Work instruction: When a picture appears in the listing, leave it out and copy the rest exactly as it stands.

Collected data:
--- START ---
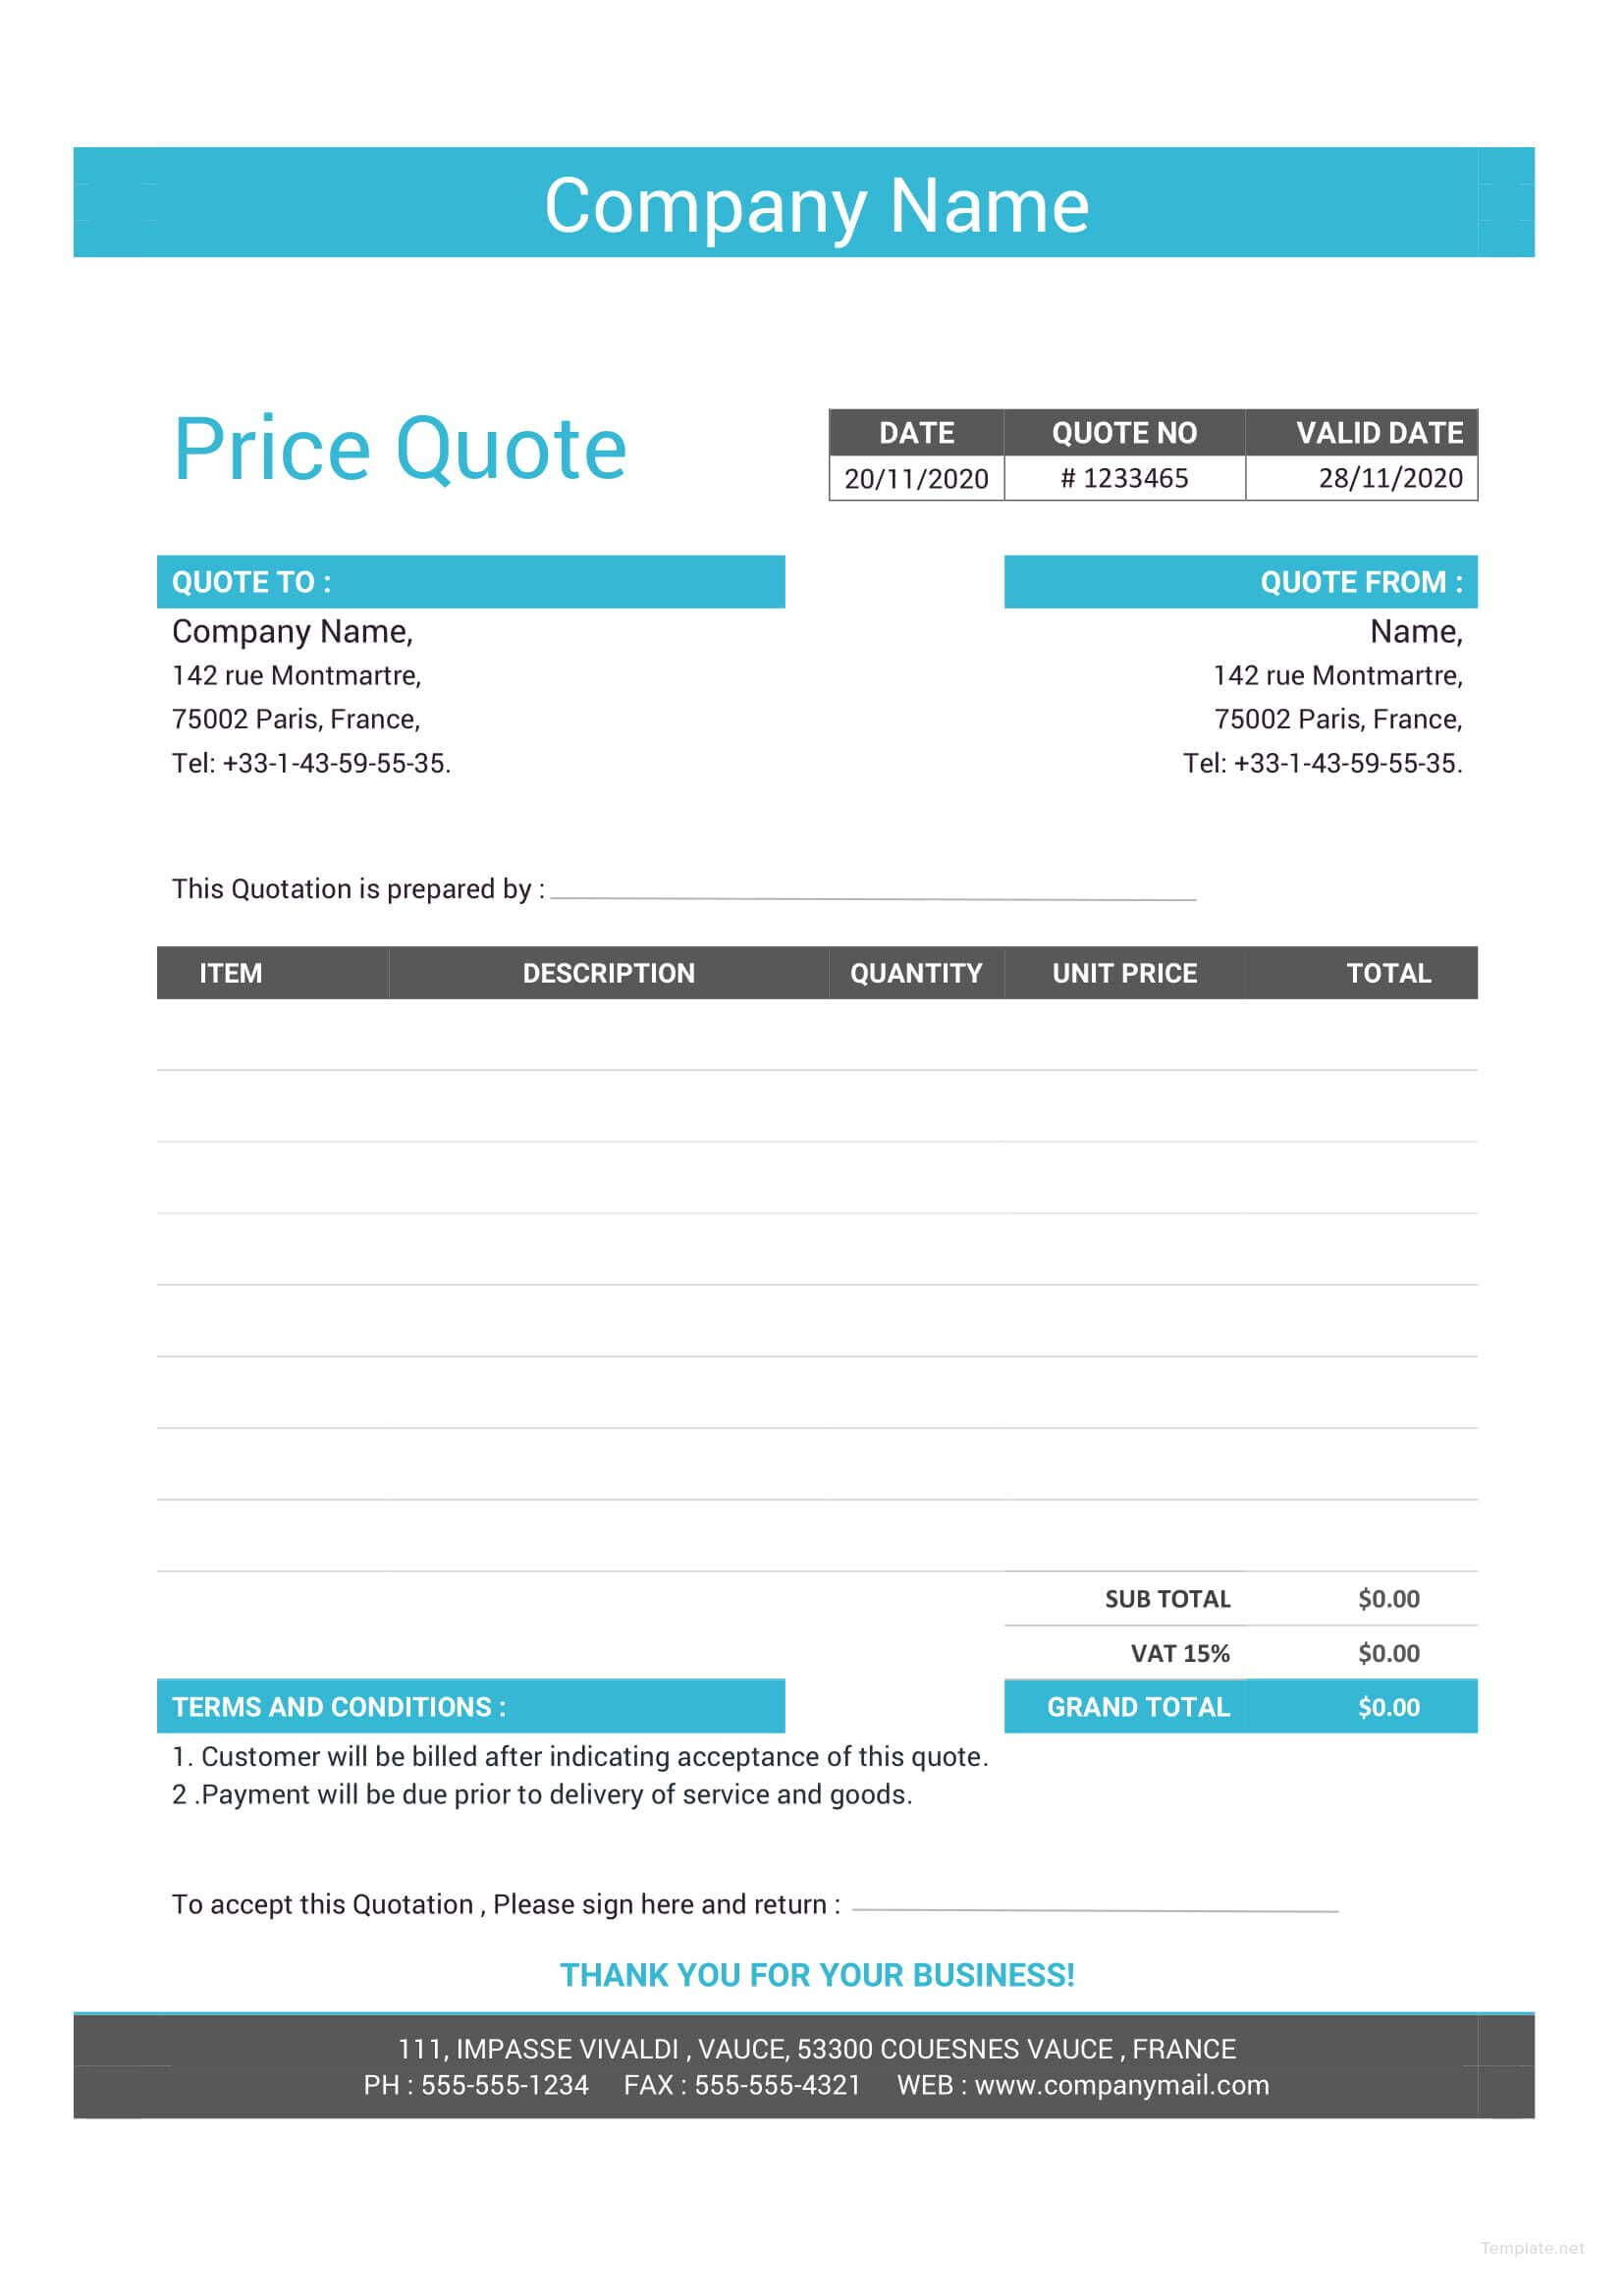 Free Business Quotation Format Quotation Format, Quote With Web
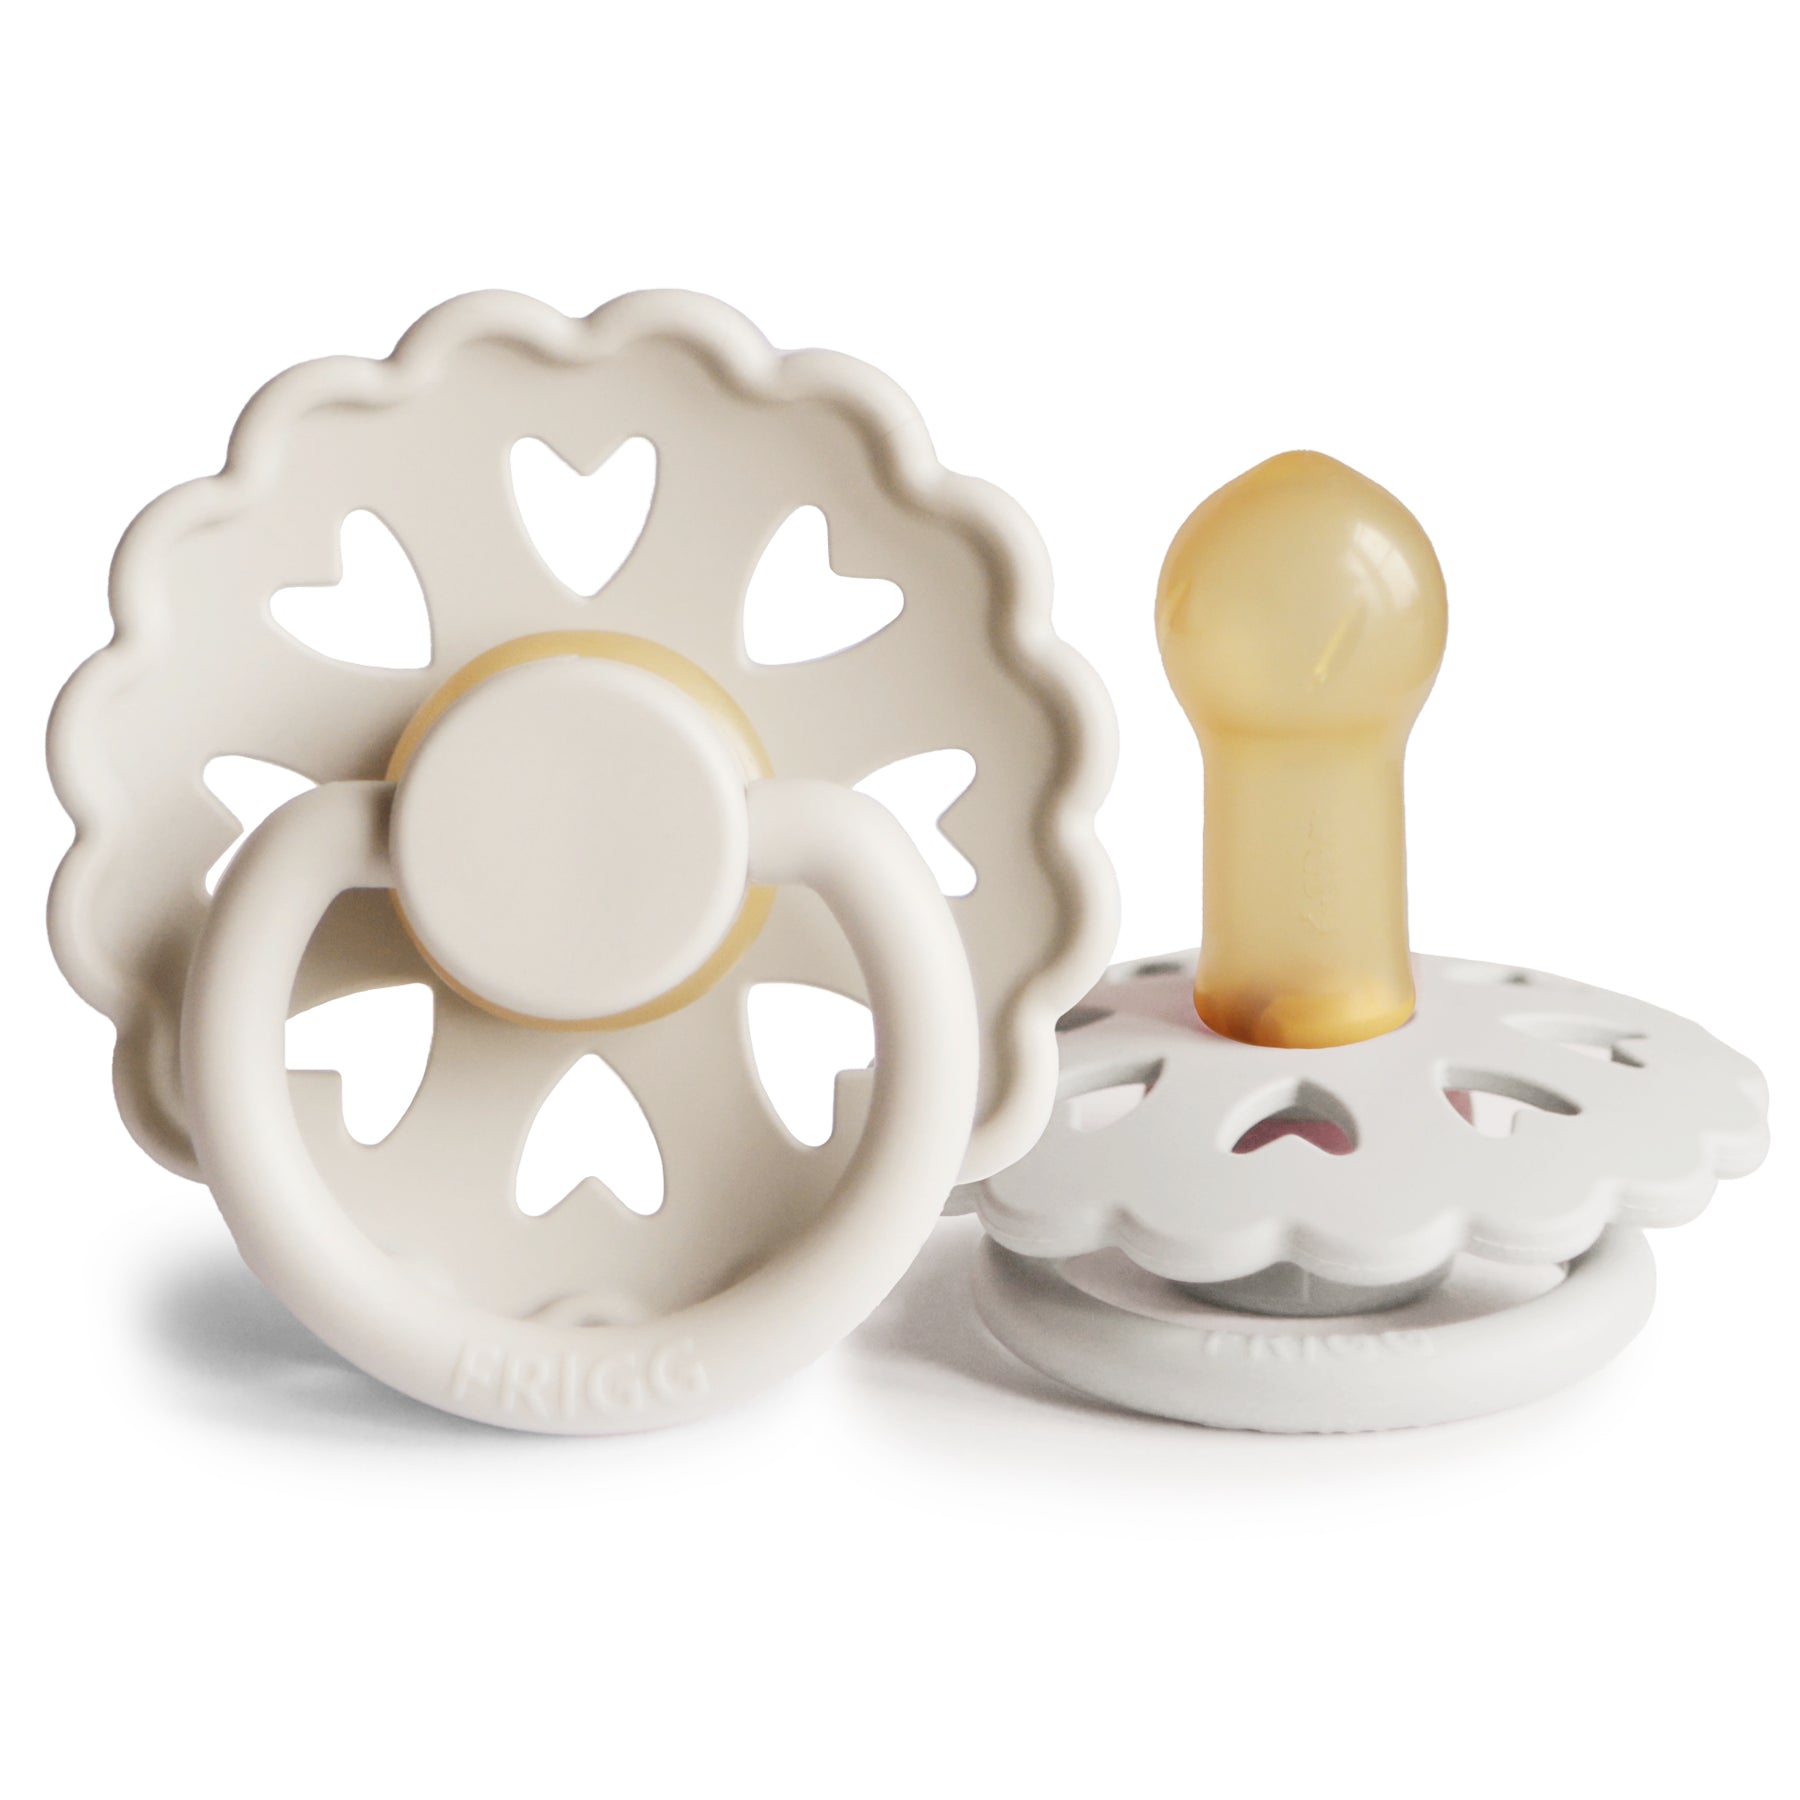 FRIGG Fairytale Latex Pacifier Dummy – The Ugly Duckling
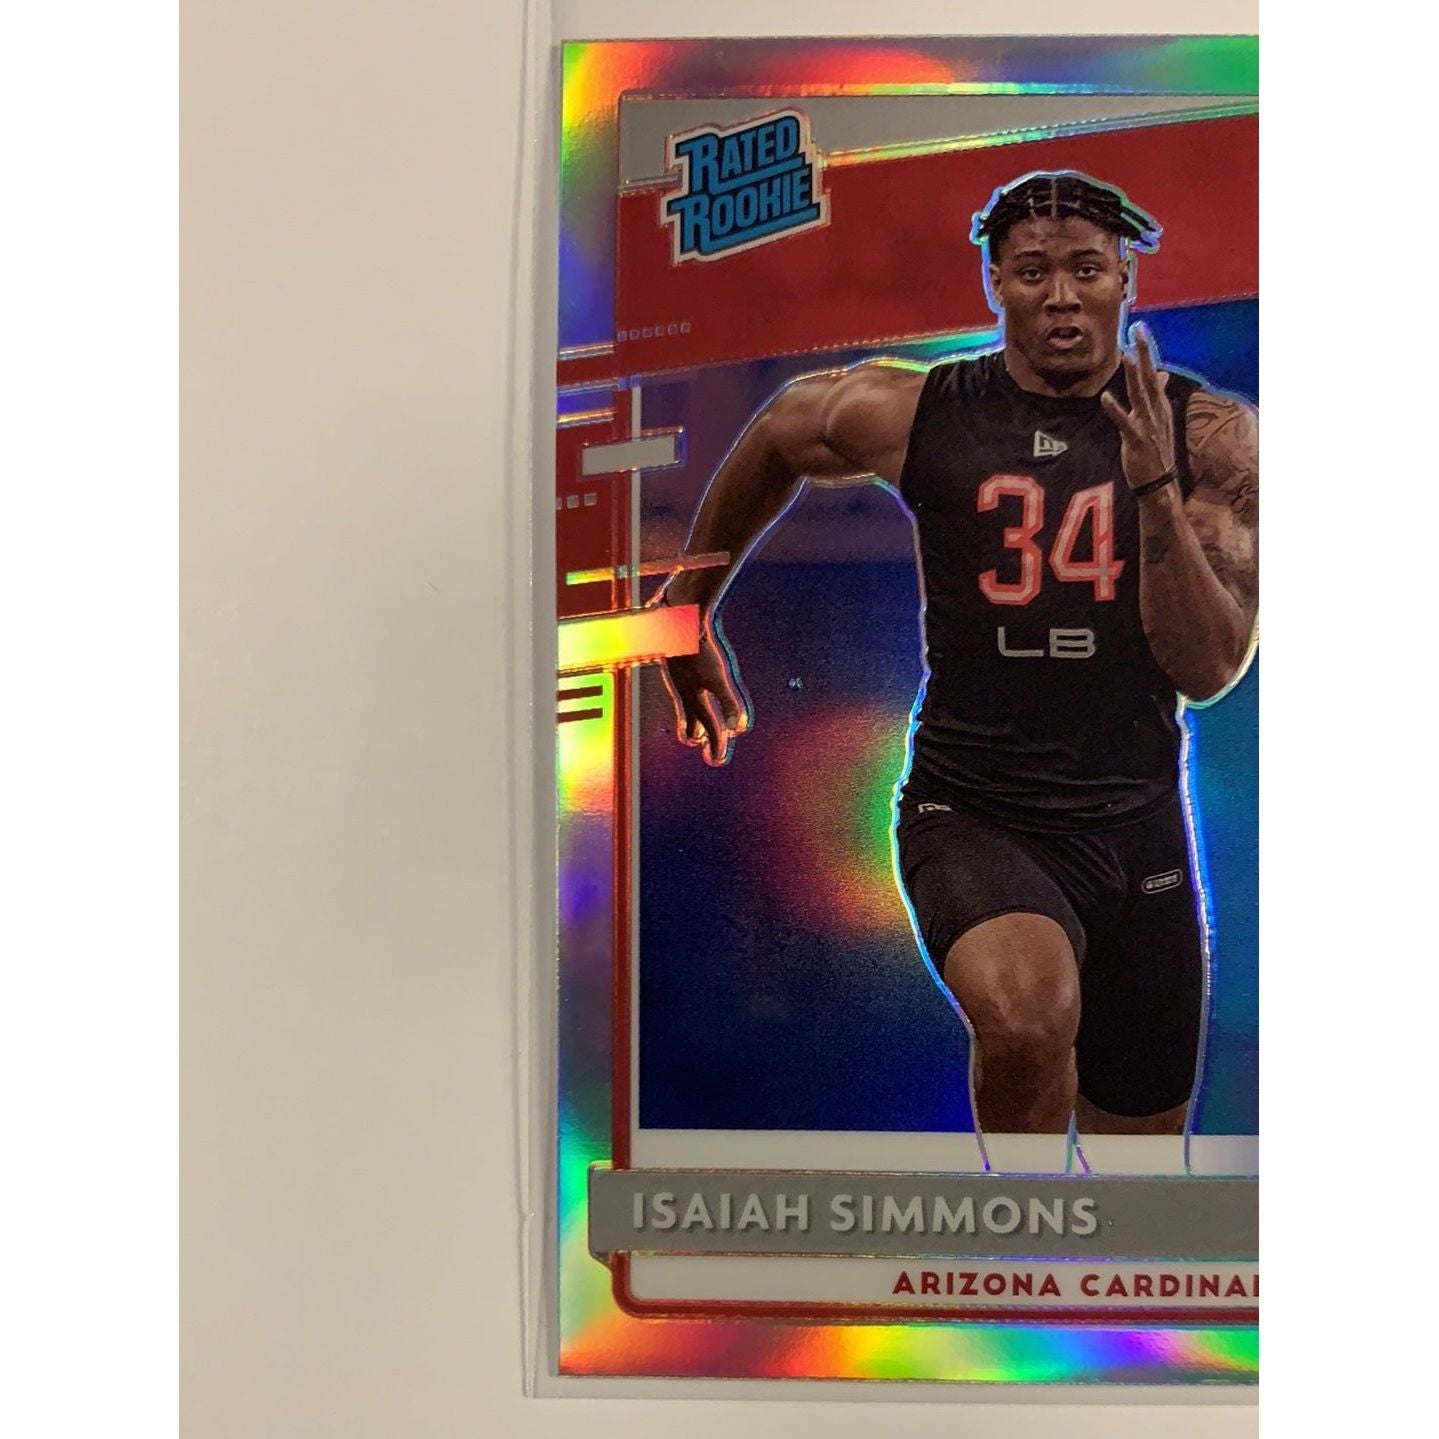  2020 Donruss Optic Isaiah Simmons Rated Rookie Prizm  Local Legends Cards & Collectibles
--- END ---
Reply:
 Free Business Quotation Format Quotation Format, Quote With Web
 FRIGG Fairytale Latex Pacifier Dummy – The Ugly Duckling
  2020 Donruss Optic Isaiah Simmons Rated Rookie Prizm  Local Legends Cards & Collectibles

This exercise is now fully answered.